After Our First Anniversary
Starting in July, assuming all goes well, we want to start setting aside money for two purposes: paying off the student loans and saving up a 20-25% down payment for a house. It's hard to say how long this will take - our income could go up or down, we could have another mouth to feed - but we'll still be paying off student loans a lot faster than most people, and we're in no hurry to buy a house when Nathan has only been at his job for 7 months.

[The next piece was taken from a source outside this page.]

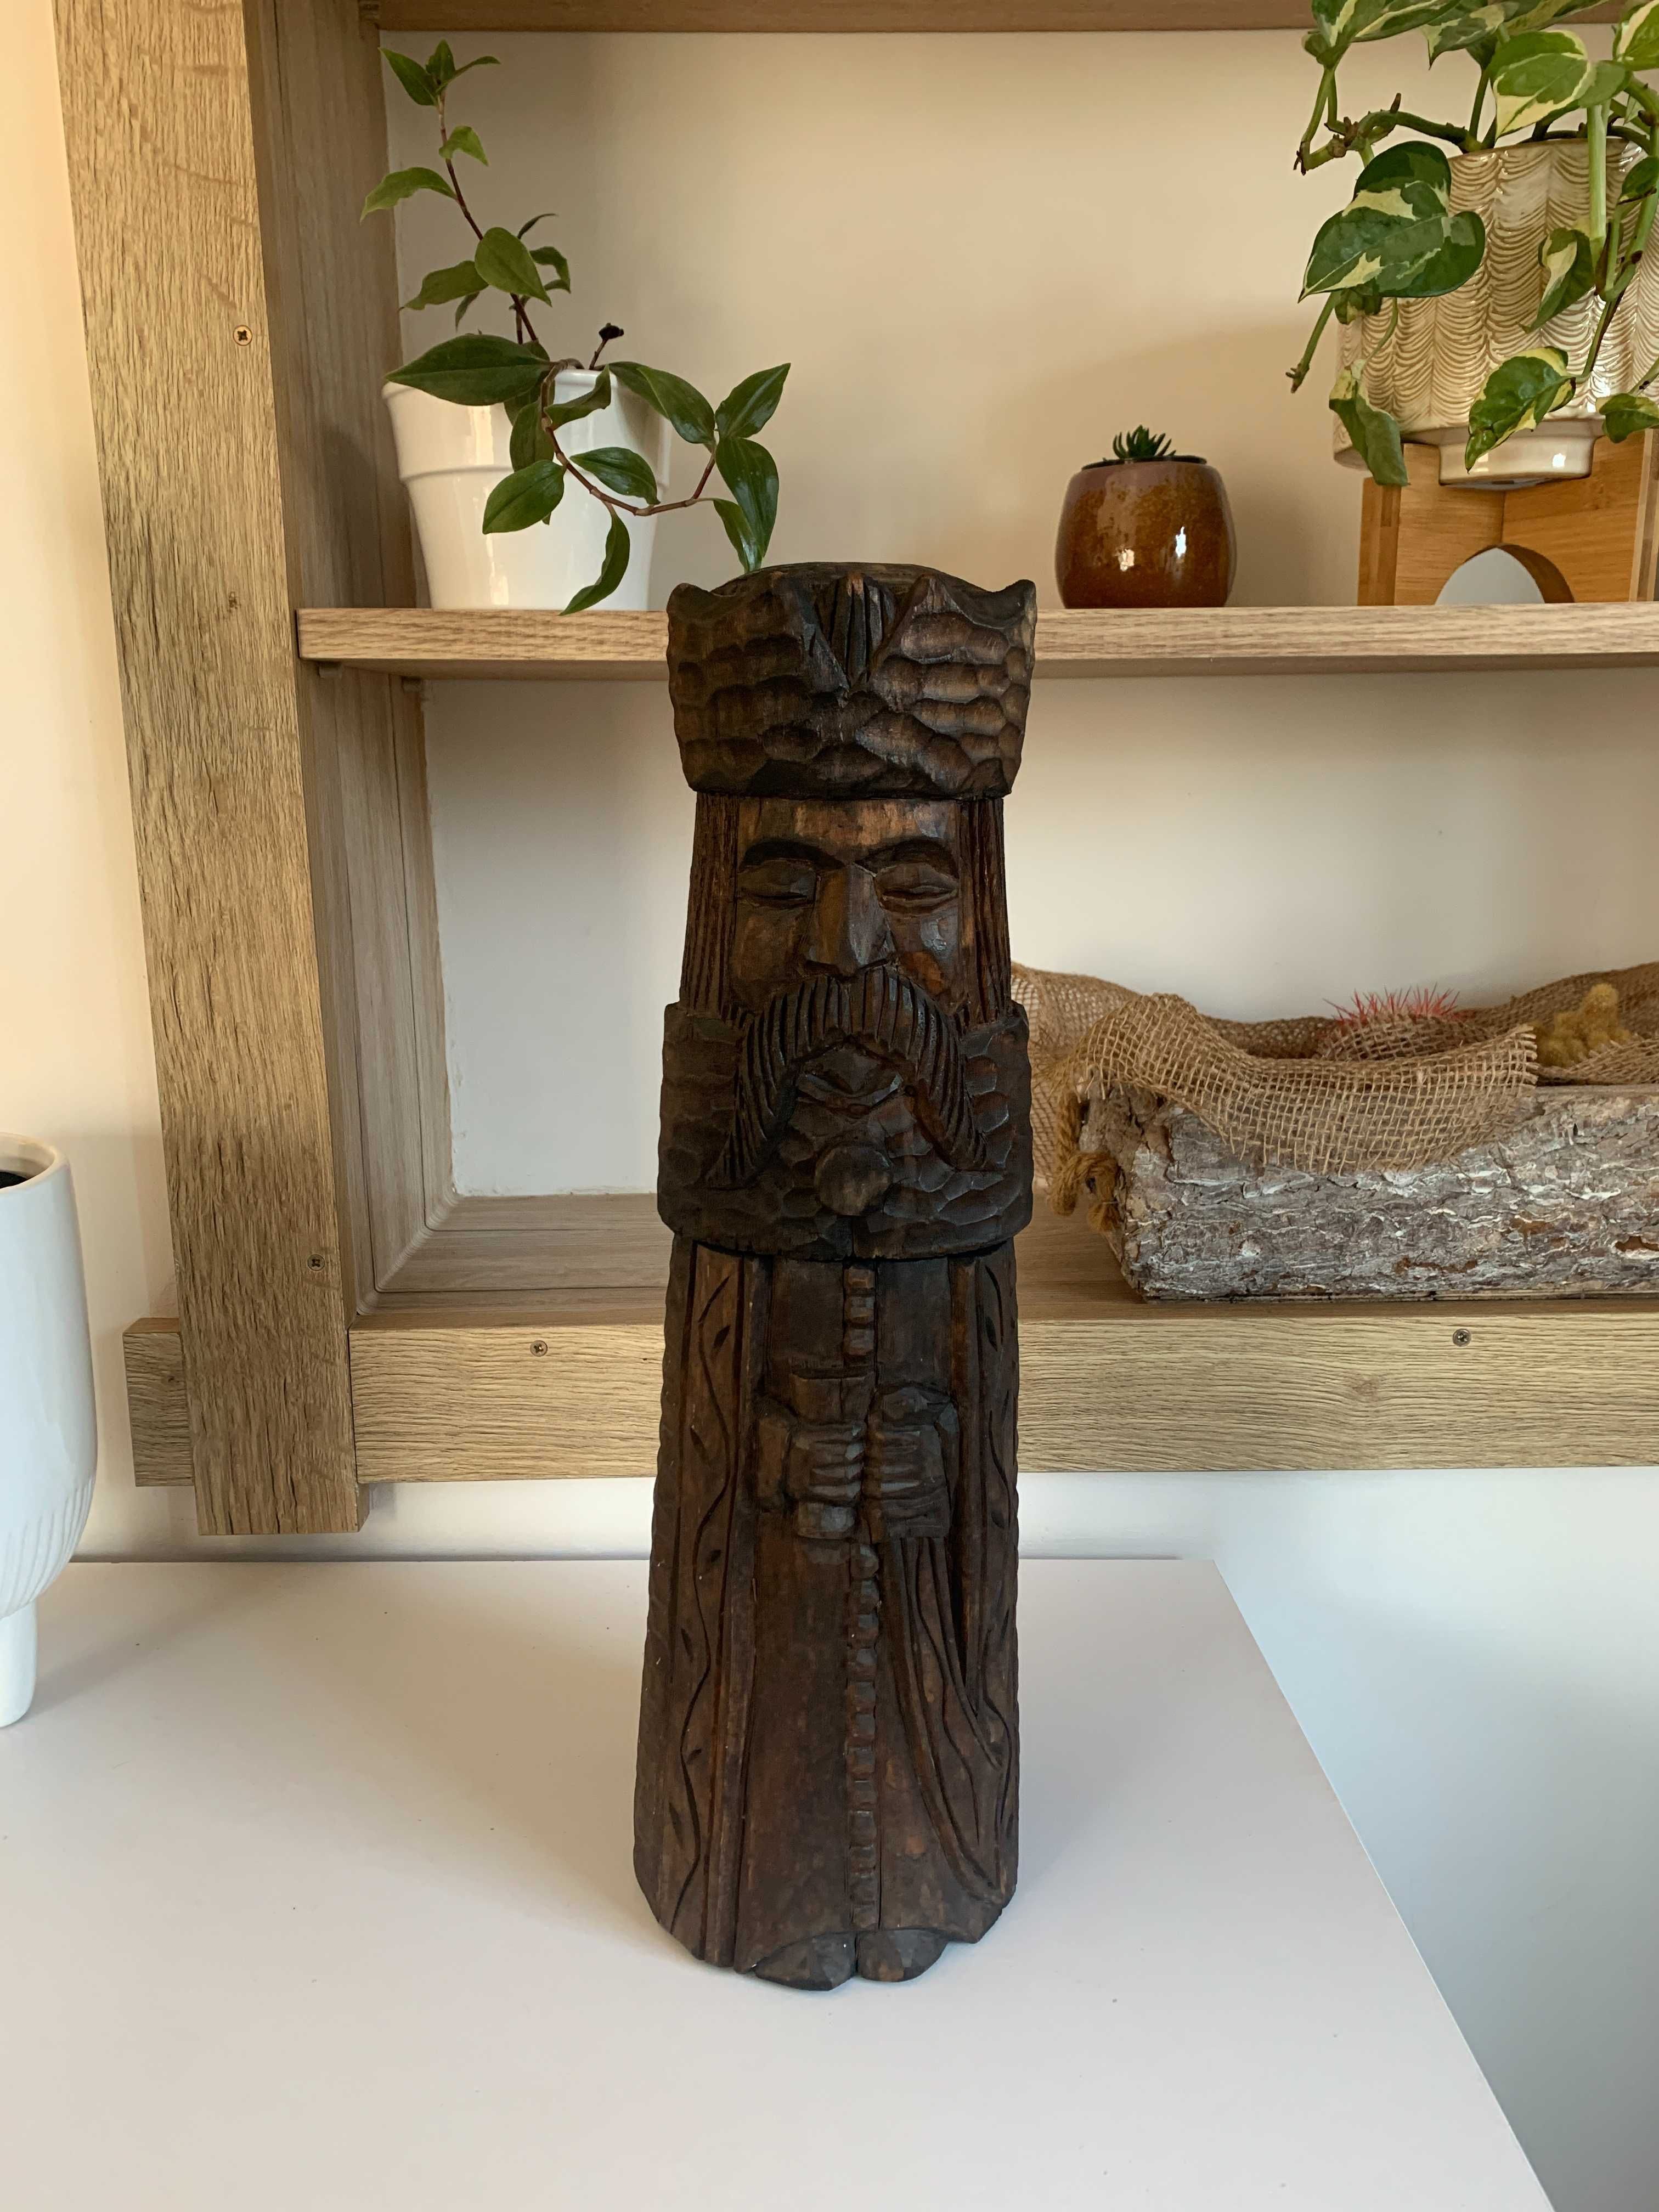 drewniana rzeźbiona figurka król schowek w środku
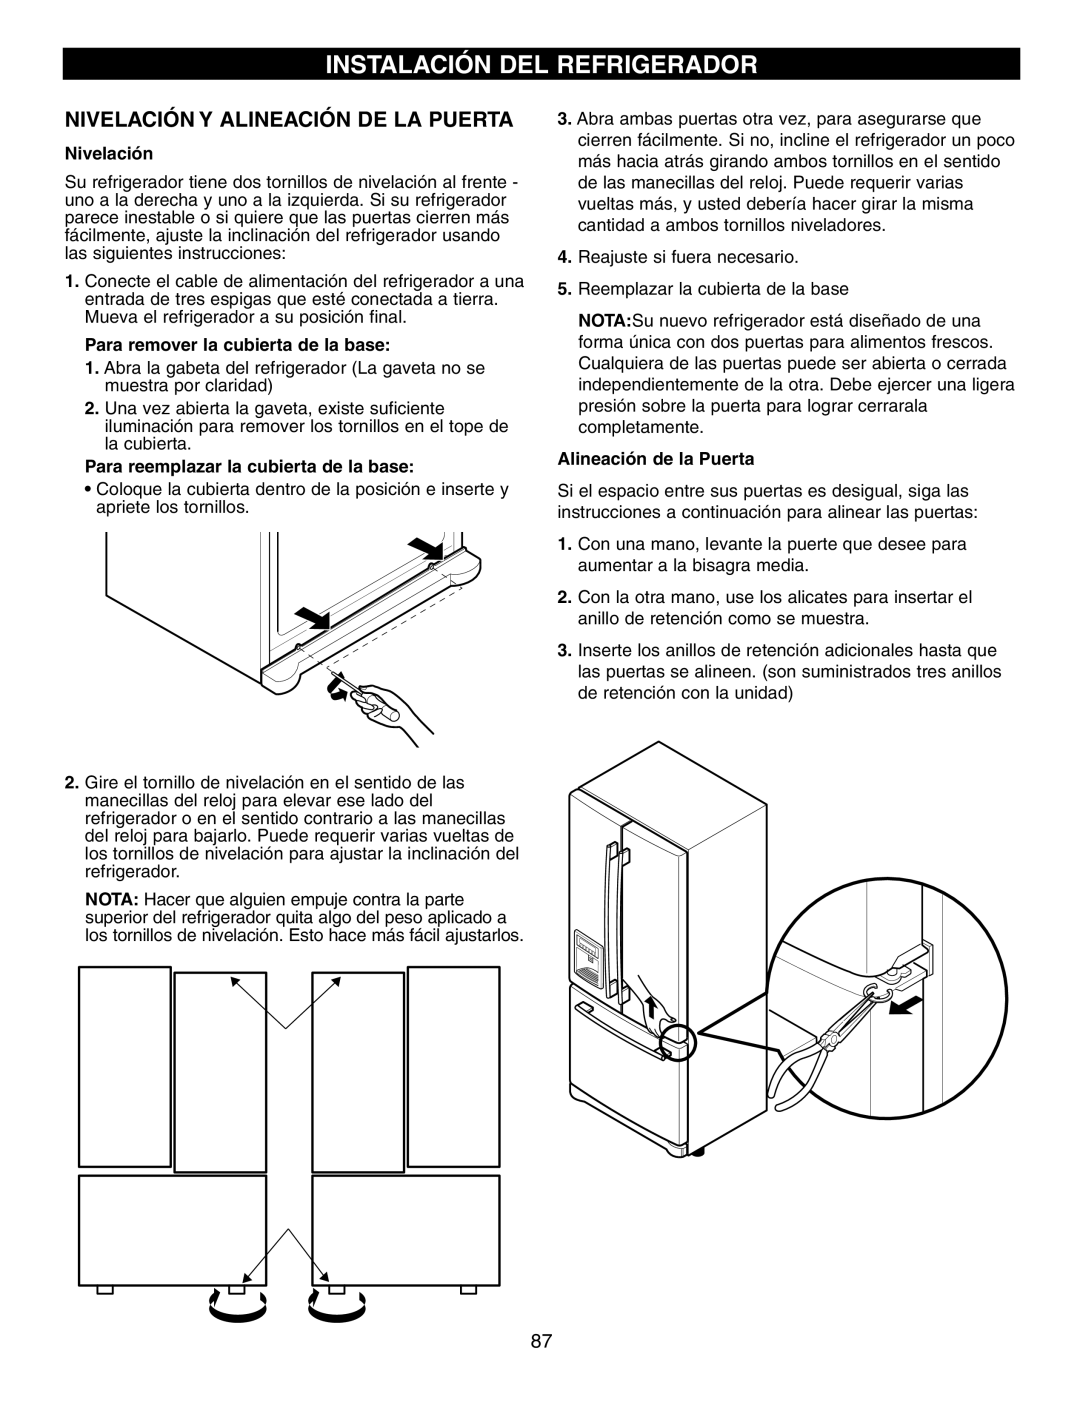 LG Electronics LFX25960 manual Instalación Del Refrigerador, Nivelación Y Alineación De La Puerta, Alineación de la Puerta

I'm just thrilled that we've already made it this far on our road to financial peace.

For those of you who have gone through Financial Peace University or are familiar with Dave's teachings, have you followed his steps in order or switched things around a bit?

March 1, 2011

5 Goals for 2011: February Progress

I think I took some steps back with my 5 goals this month. I don't feel like I've made much progress at all.

1. Exercise on a regular basis 
This one has been terrible. I'm not sure what it will take to motivate me to exercise. Gaining 10 pounds? Developing health problems? The idea was to start exercising to prevent these things from happening. Maybe I just need a workout partner.

2. Wake up earlier.
I also did worse on this during February. I don't think I got up in time to eat breakfast at home on a weekday even once the entire month.
3. Keep our apartment clean.
I wouldn't say I've improved in this area, but I haven't slacked off either. Nathan has been helping a lot more, which is great. I think vacuuming once a week is starting to become a habit for him.

4. Continue to find ways to decrease our expenses and increase income.
I'm improving on my grocery spending. We actually raised our budget for these last four weeks since I had been having trouble staying within the limit I had set for myself, but then I ended up spending much less than that. I've also learned not to buy anything online before checking to see if I can earn cash back or other rewards first. We've earned $7.78 so far this year just buy going through Ebates to buy Nathan's textbooks.

5. Write at least 2 blog posts a week.
I had one calendar week with just one post, but I had written 4 posts the previous week. I'm trying to get better at scheduling posts to publish in the future to spread things out more.